[OpenAFS-devel] "Lost contact with file server" problems
Roland Kuhn
rkuhn@e18.physik.tu-muenchen.de
Mon, 22 Aug 2005 15:07:45 +0200 (CEST)
Hi Jeffrey!
On Mon, 22 Aug 2005, Jeffrey Altman wrote:
> Roland Kuhn wrote:
>
>>>> The Abort code is RXKADEXPIRED (19270409L). Would you verify that you
>>>> still have a valid token and that your system clocks are in sync?
>>>>
>>> The clocks are perfectly synchronized and I'm pretty sure that the
>>> batch jobs have valid tokens, otherwise I would see other failures as
>>> well. Also, wouldn't it be very nasty to effectively disable a
>>> complete client because one connection has no valid token?
>>>
>>> The other thing is: it is the _client_ which sends the first ABORT in
>>> response to a challenge....
>>>
>> I've also captured the 'self-healing' of the client state, although I'm
>> not able to make something of it myself.
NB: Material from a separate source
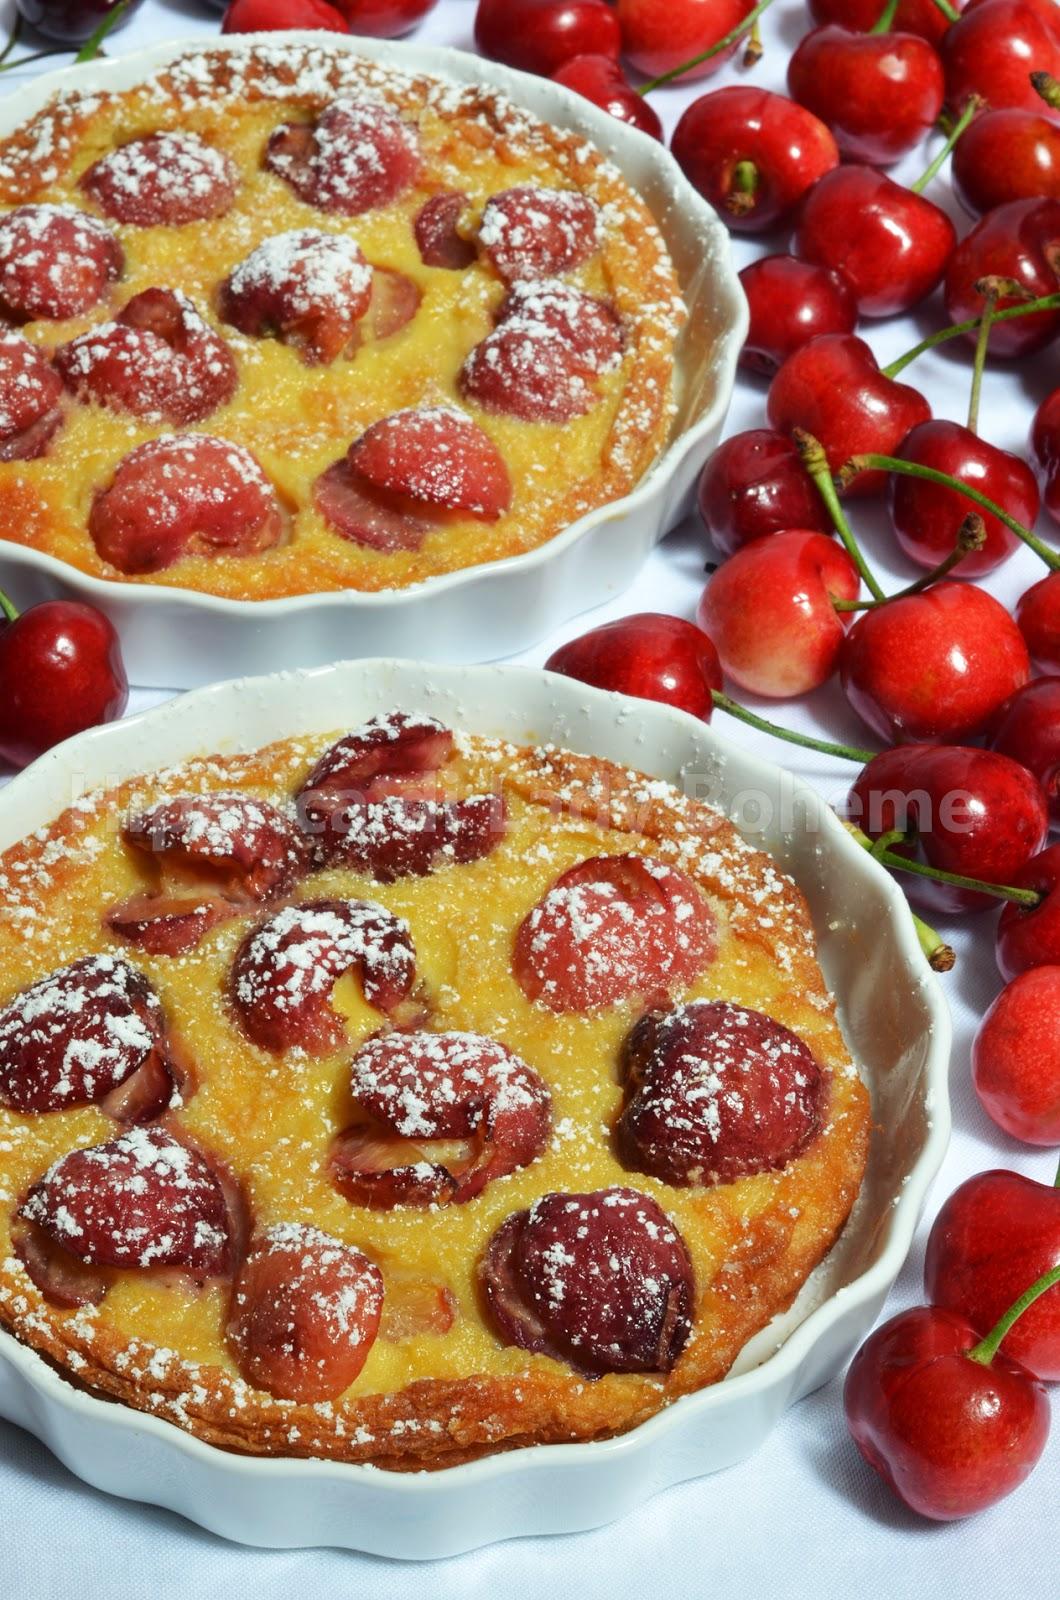 hiperica_lady_boheme_blog_di_cucina_ricette_gustose_facili_veloci_clafoutis_alle_ciliegie_2

The full trace is at
>>
>> http://www.e18.physik.tu-muenchen.de/~rkuhn/openafs.cap
>>
>> It seems that 118 minutes after the failure the client makes a get-time
>> call which succeeds, and then everything is happy again.
>>
>> Ciao,
>> Roland
>
> I simply interpret that to mean that after 118 minutes the client
> finally dumps the token and starts to make unencrypted file server
> requests.
>
But how would that explain that even other users with completely unrelated
tokens cannot access files on that fileserver from the failed client?
> What I am seeing here is that the rx libary is detecting that the
> token is expired. It sends an abort to the server which simply
> marks the client's connection in an error state. Each subsequent
> request from the client on that connection is responded to with the
> expired token abort code.
>
> Now the question is what is the client doing with the RXKADEXPIRED
> error when it receives it from the server. The answer appears to
> be "not much". It looks to me as if the client is simply issuing
> a warning to the user that the tokens are expired. It does not
> actually remove the tokens or reset the connection.
>
I've had syslog entries like 'kernel: afs: Tokens for user of AFS id -1
for cell <mycell> have expired', but not from the client which actually
failed. That one logged 'kernel: afs: failed to store file (110)', where
110 translates into 'connection timed out', right?
Ciao,
Roland